What the task asks >>
When you return the material, keep every line exactly as it is and omit the pictures.

Dataset section >>

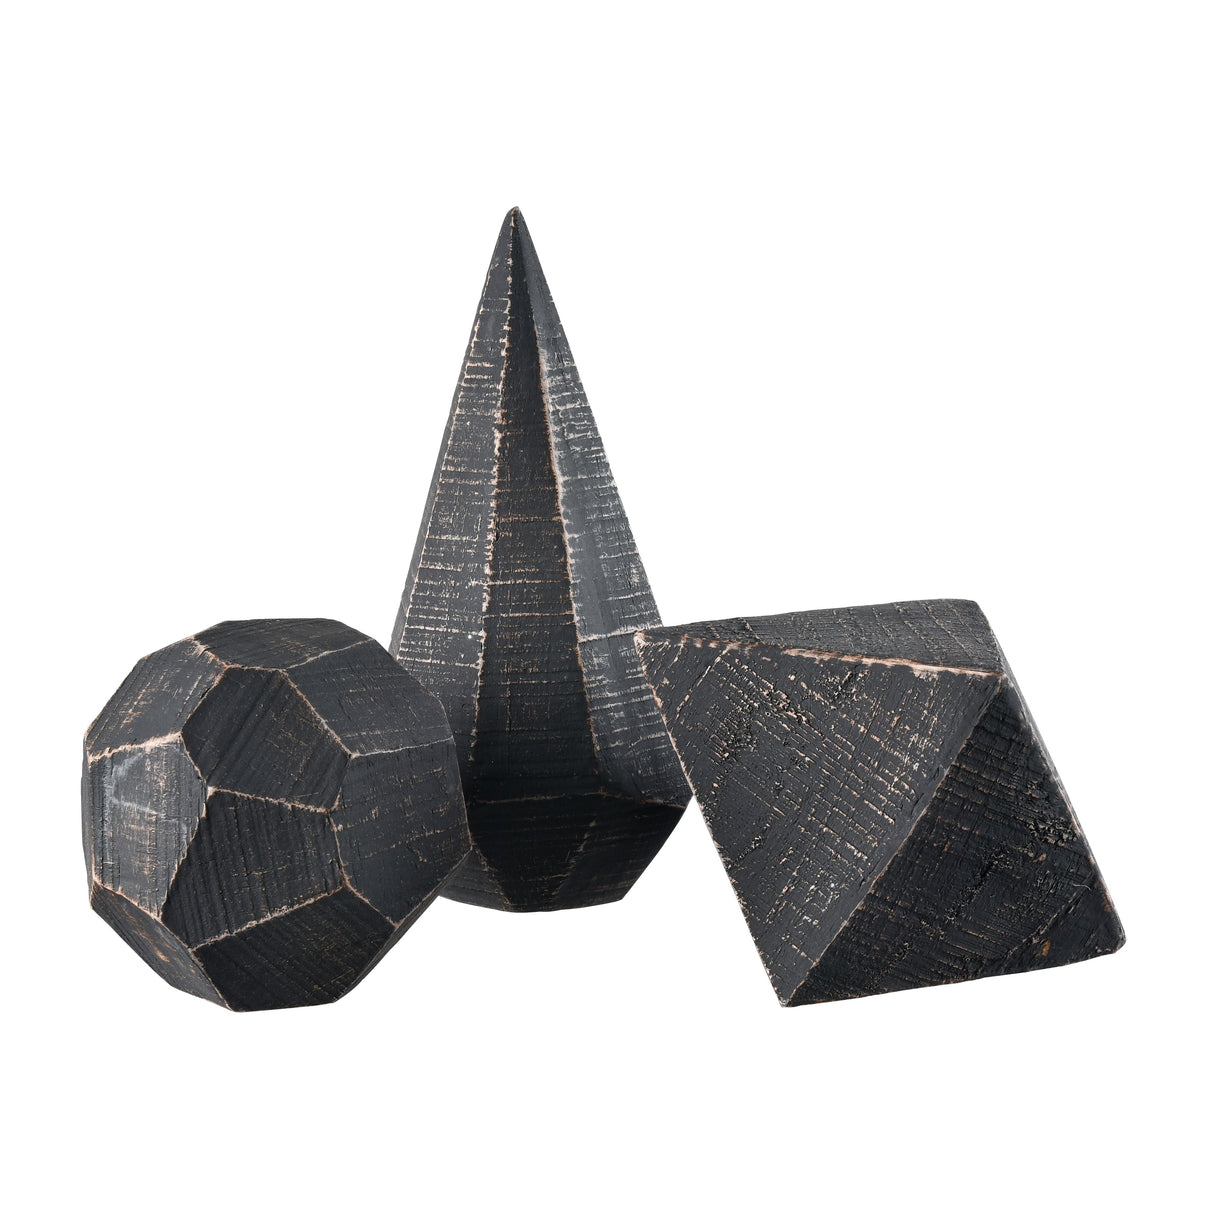 Elk S0037-9174/S3 Copas Decorative Object - Set of 3 Black
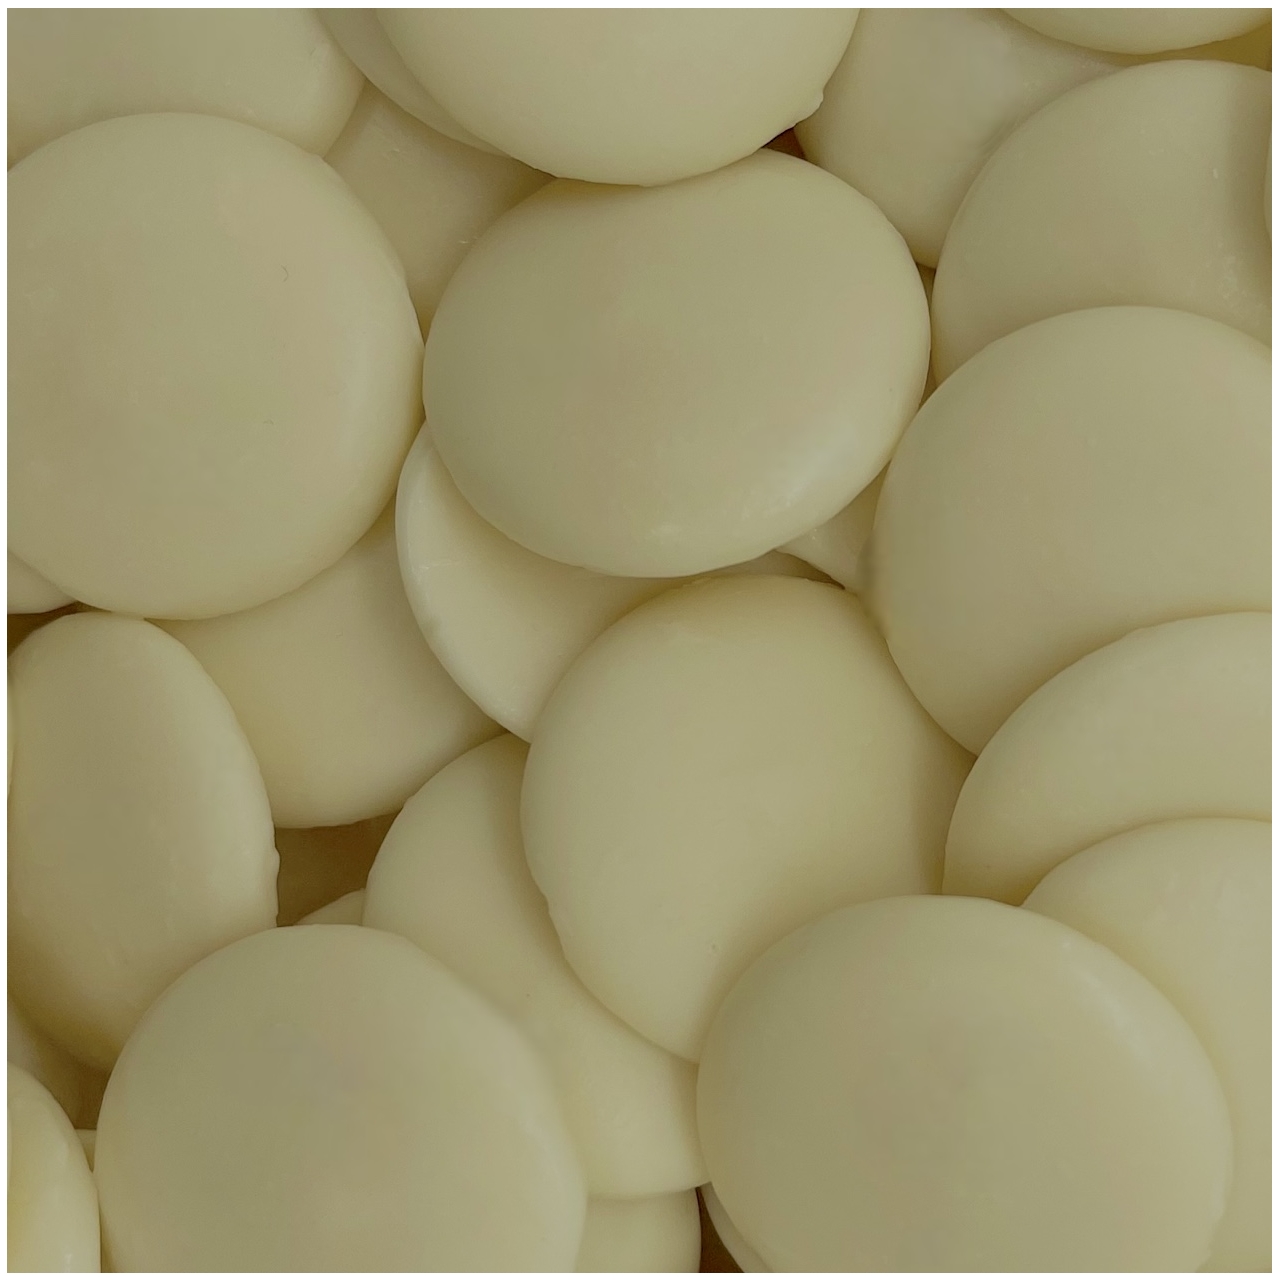 Schoko Buttons - Weisse Schokolade - 15 Kg - (30%) Belcolade
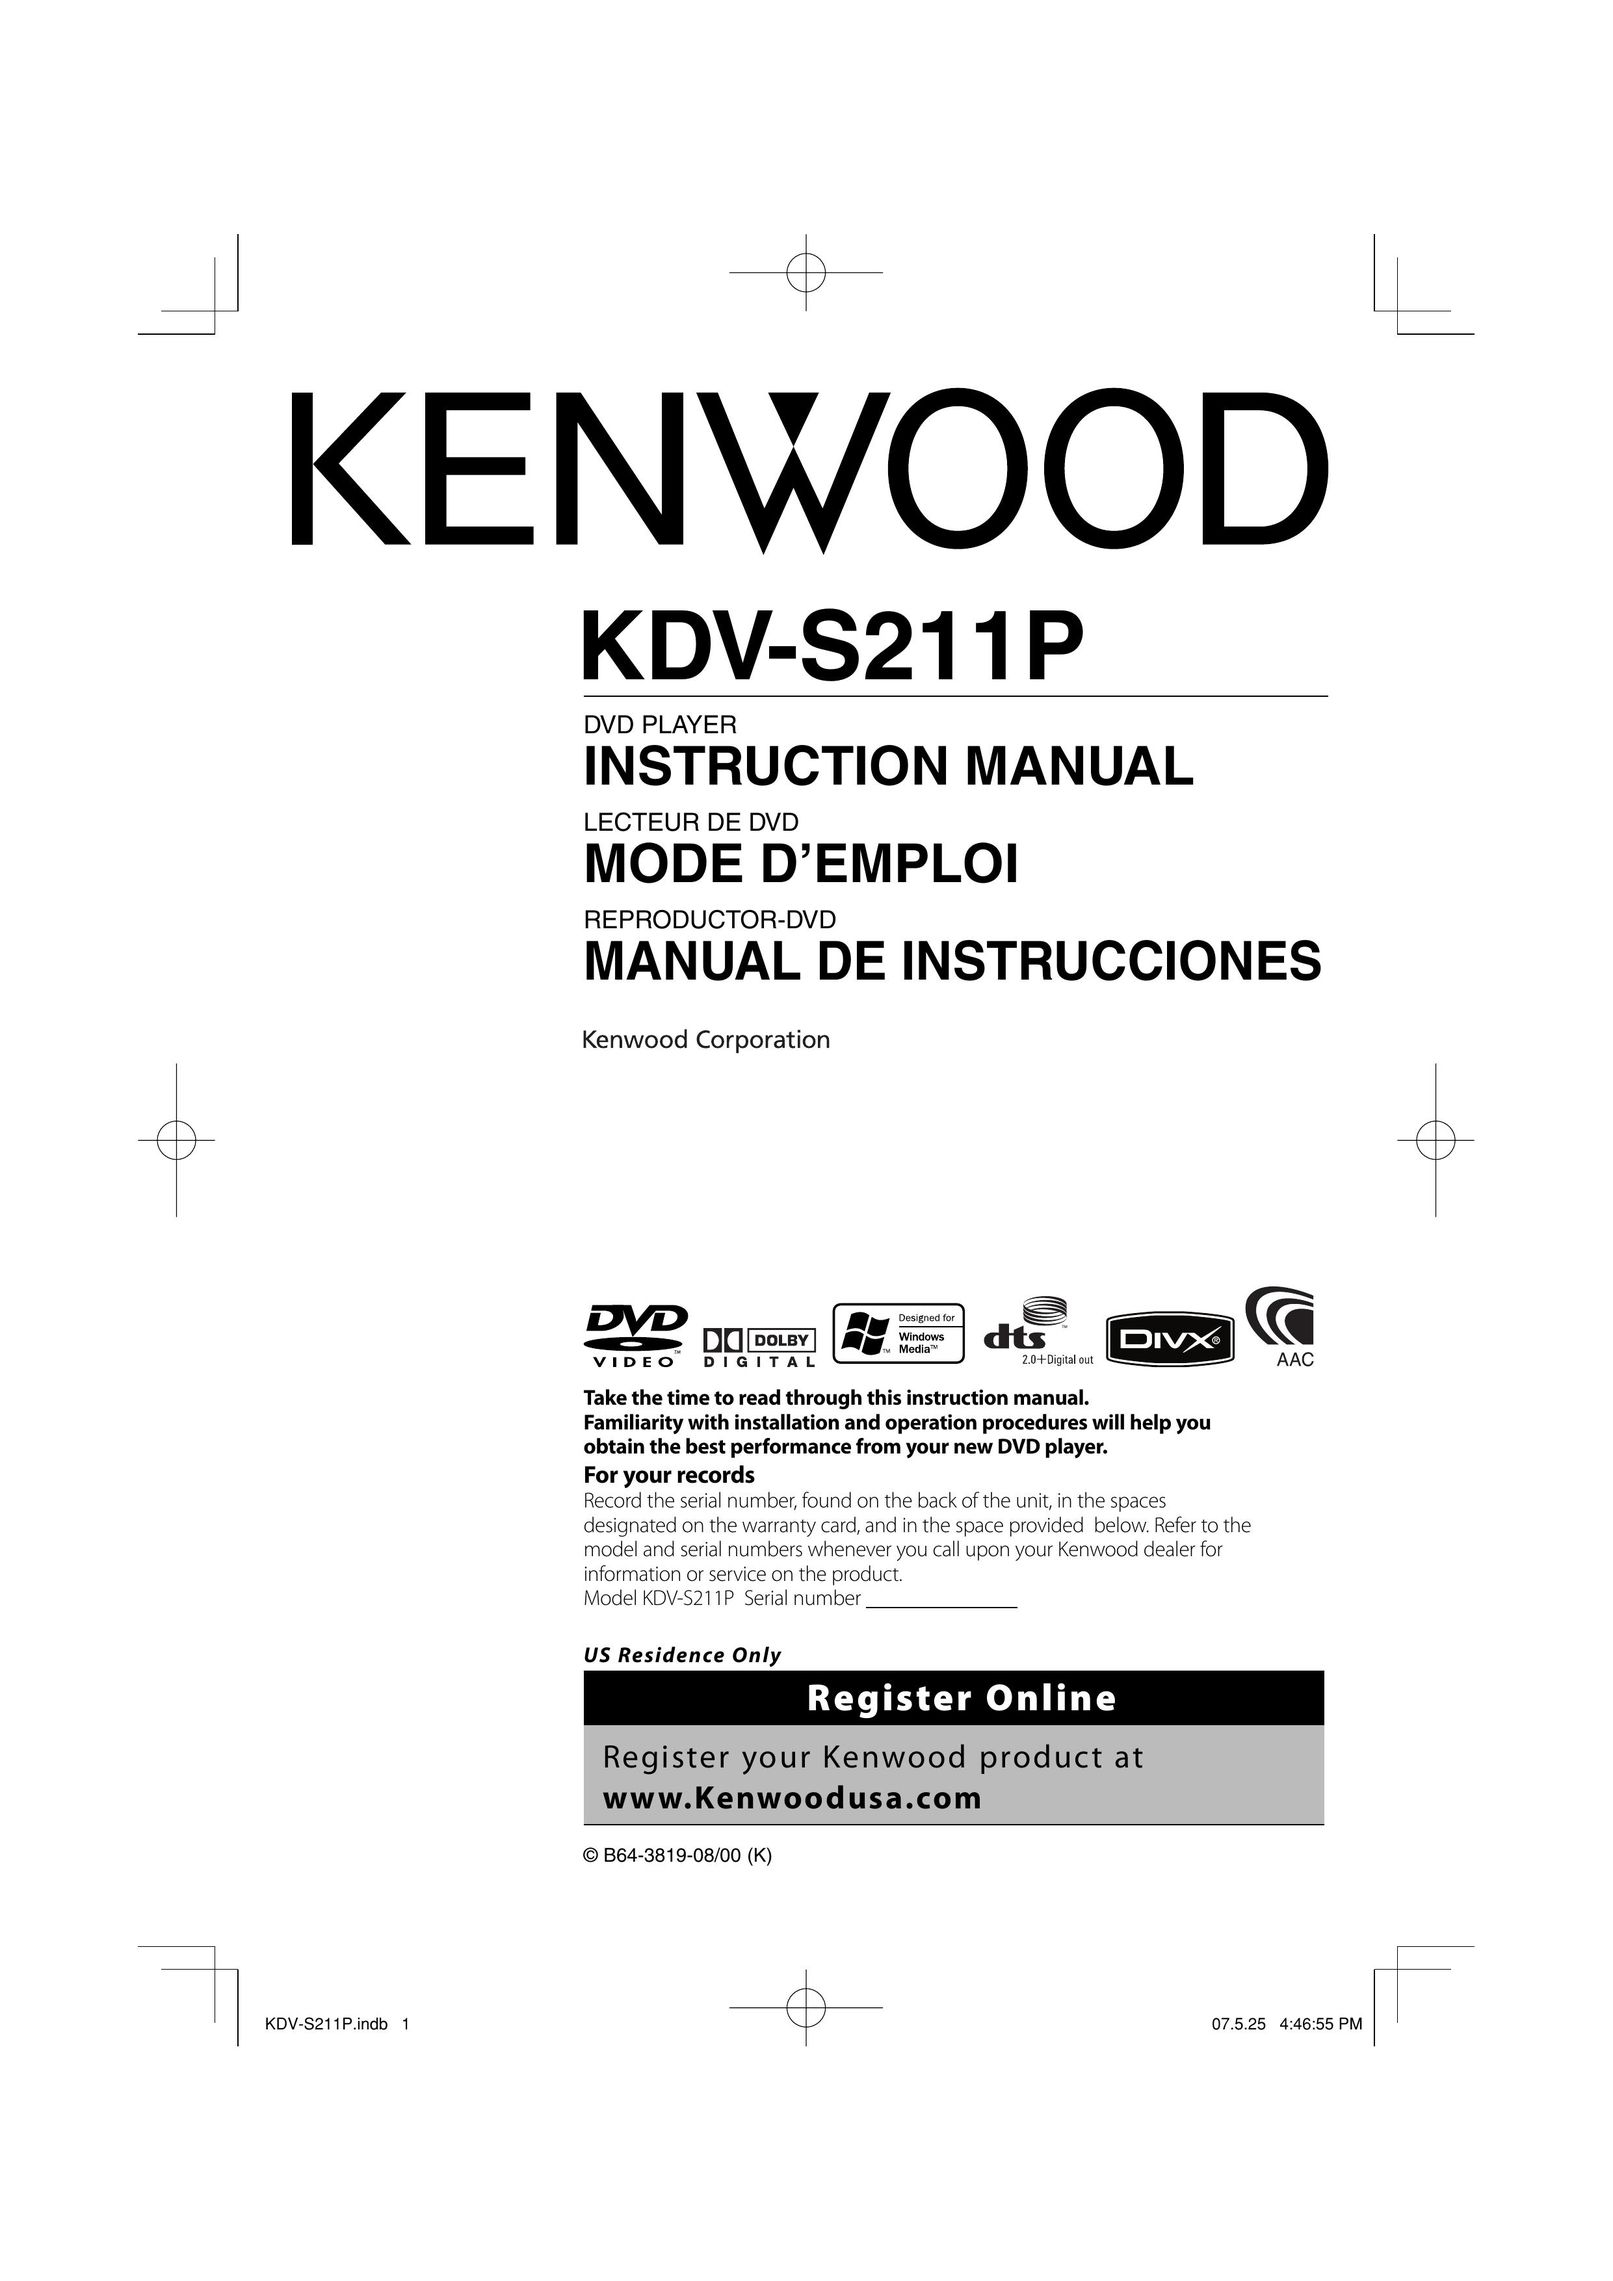 Kenwood KDV-S211P DVD Player User Manual
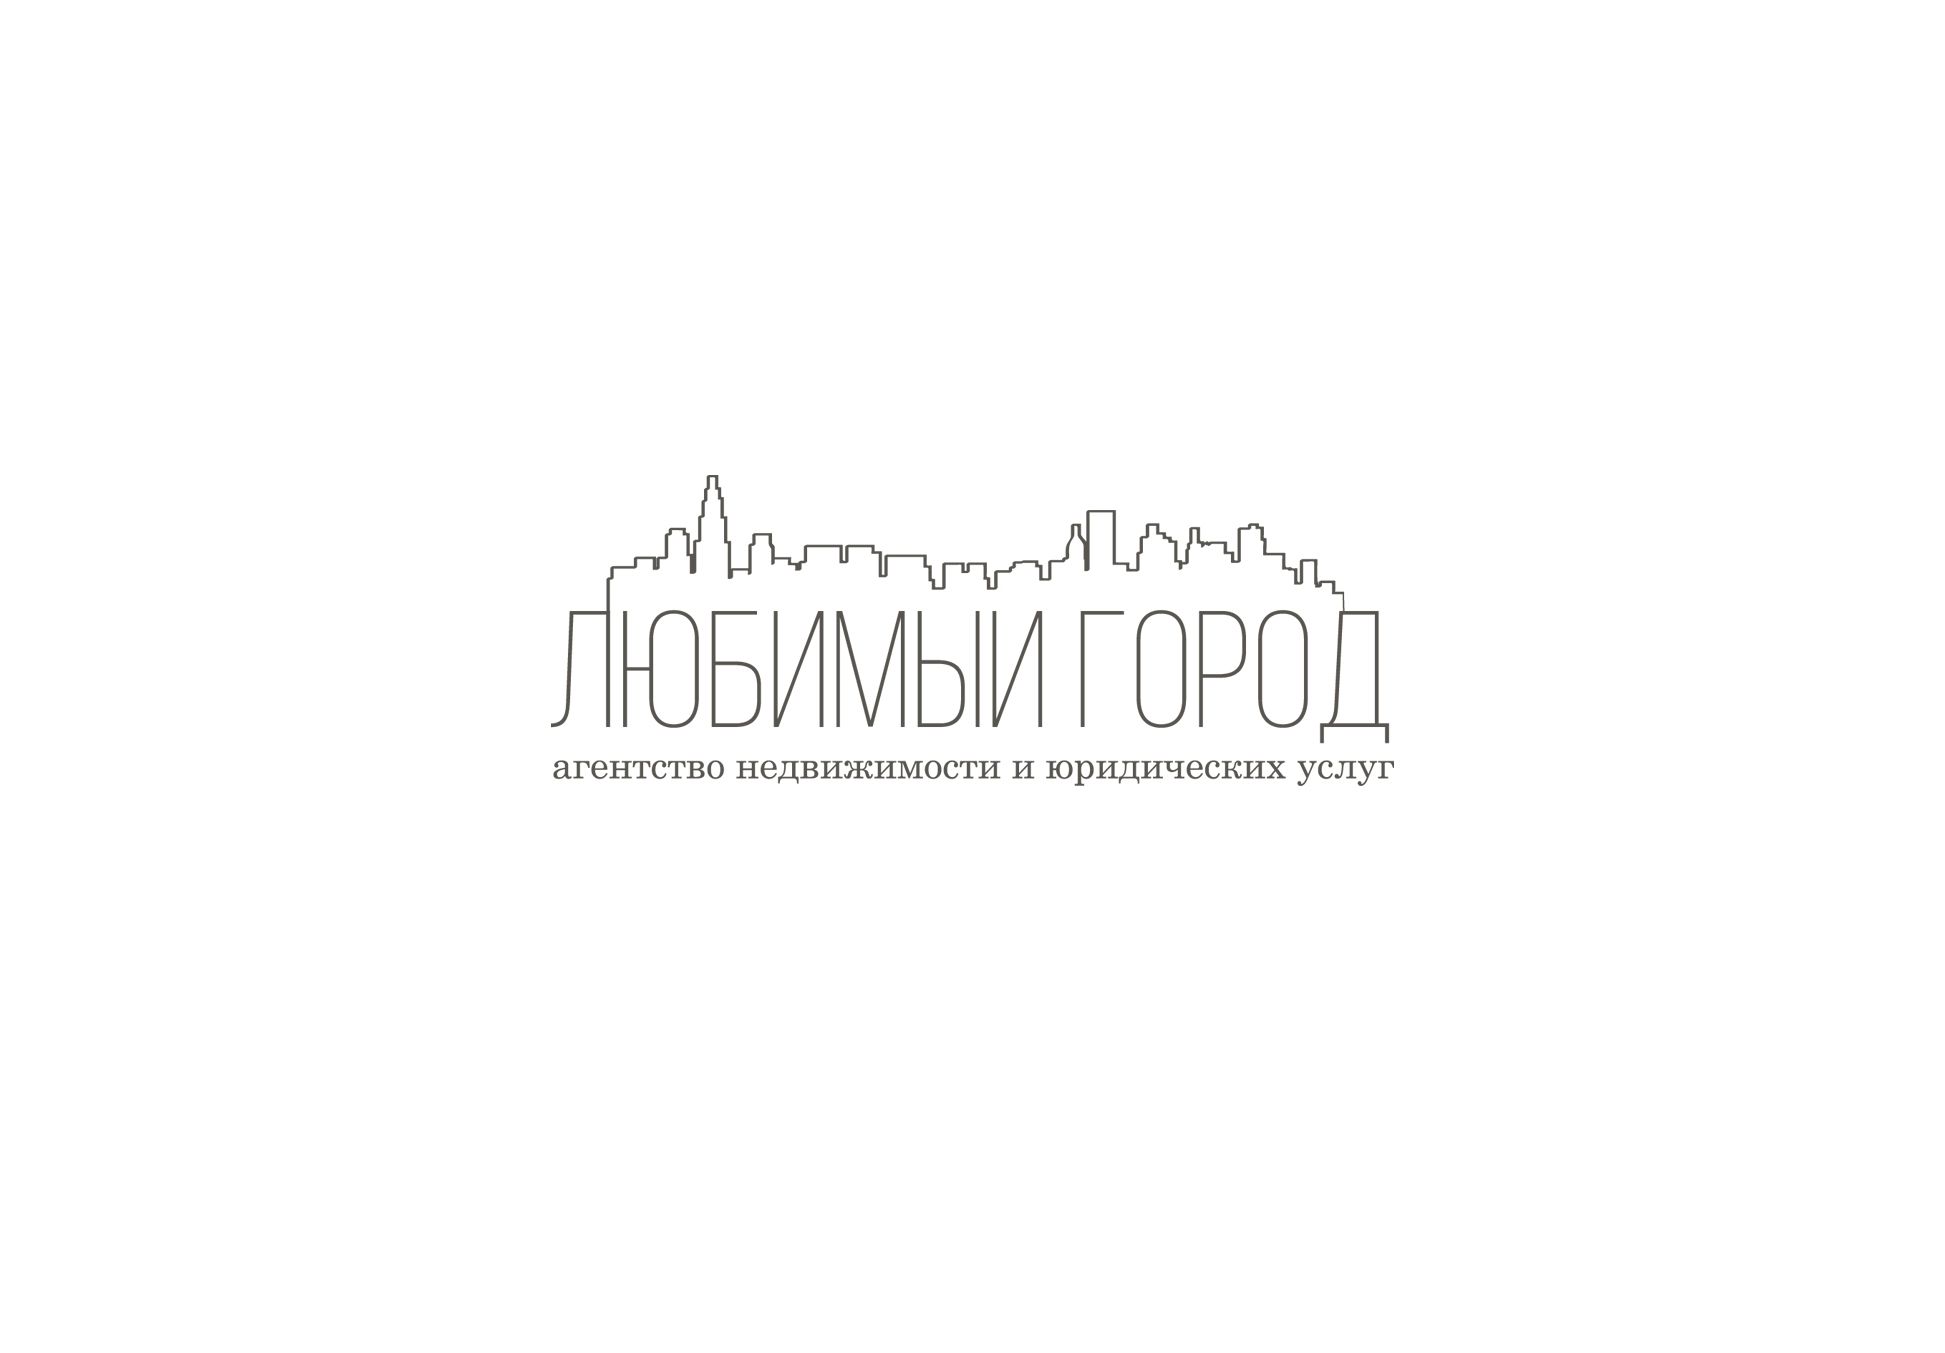 Лого для агентства недвиж и юридических услуг - дизайнер comicdm

Response below >>
 Elk S0037-9174/S3 Copas Decorative Object - Set of 3 Black
 Schoko Buttons - Weisse Schokolade - 15 Kg - (30%) Belcolade
 Kenwood KDV-S211P DVD Player User Manual
 Лого для агентства недвиж и юридических услуг - дизайнер comicdm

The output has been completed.